I assumed that once the nitrites started spiking, that the ammonia would go down, and I suppose it has been slowly, but it isn't disappearing quickly like I expected. I've still been dosing to keep it around 2.0ppm. The Nitrites are starting to read off the charts, and I'm also seeing way more nitrates, which wasn't how I expected it to happen. 

I used Dr. Tims one and only, and I've been feeding it 2.0ppm of ammonia anytime it drops, but it only drops every couple of days enough to do that...

Here's a pic. Let me know if I'm doing something wrong!


----------



## tippy4 (May 26, 2016)

Love your tank.....wondering if you used a leveling mat?
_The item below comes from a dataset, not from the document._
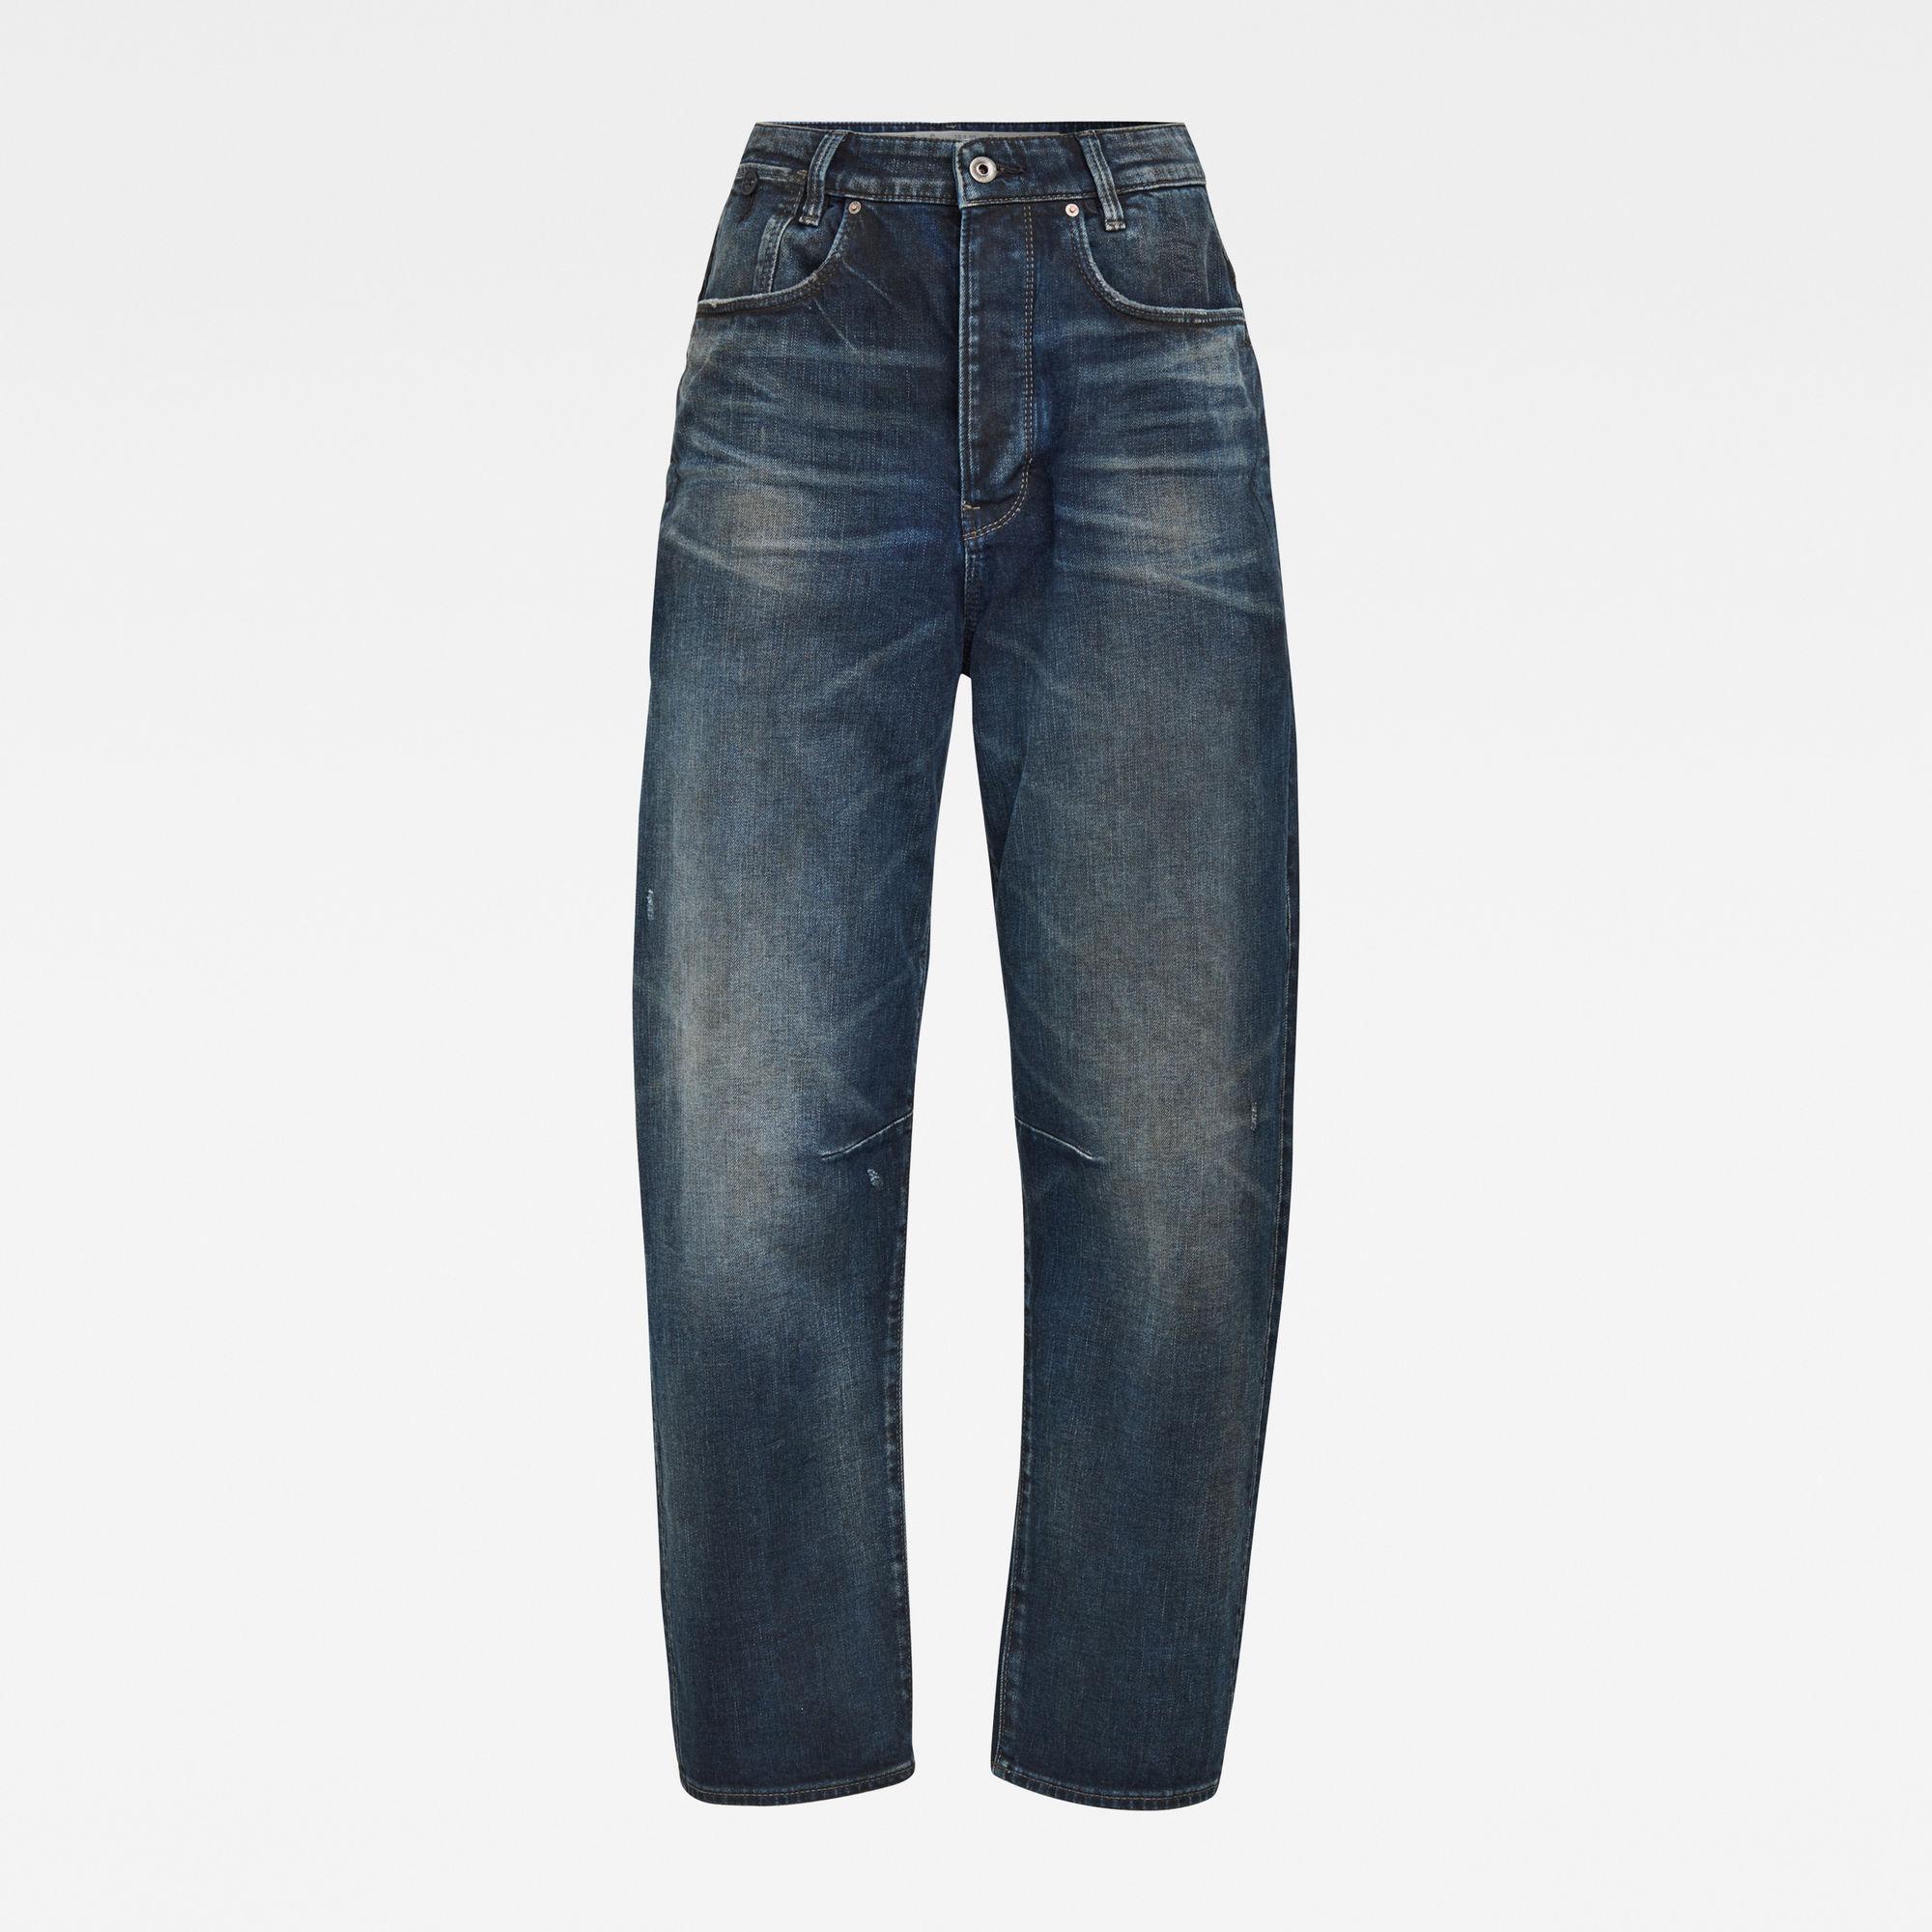 G-Star RAW Dames C-Staq 3D Boyfriend Crop Jeans Donkerblauw

Mind if I ask a few questions?

Right now, I see the Aquamaxx 22G and Mr. Aqua 22G for the same price of $169.99.

Aquamaxx claims their $169.99 (Marine Depot) tank is "low iron" while the Mr. Aqua $169.99 tank is "standard glass".

Mr Aqua does have a "low iron" version, but the price is $239.99 ($70 more) (Bulk Reef Supply).

Anyone have any thoughts on this?

Is the "low iron" Mr. Aqua any better than the "low iron" Aquamaxx?


----------



## Brahma04 (Jun 6, 2016)

any updates?


----------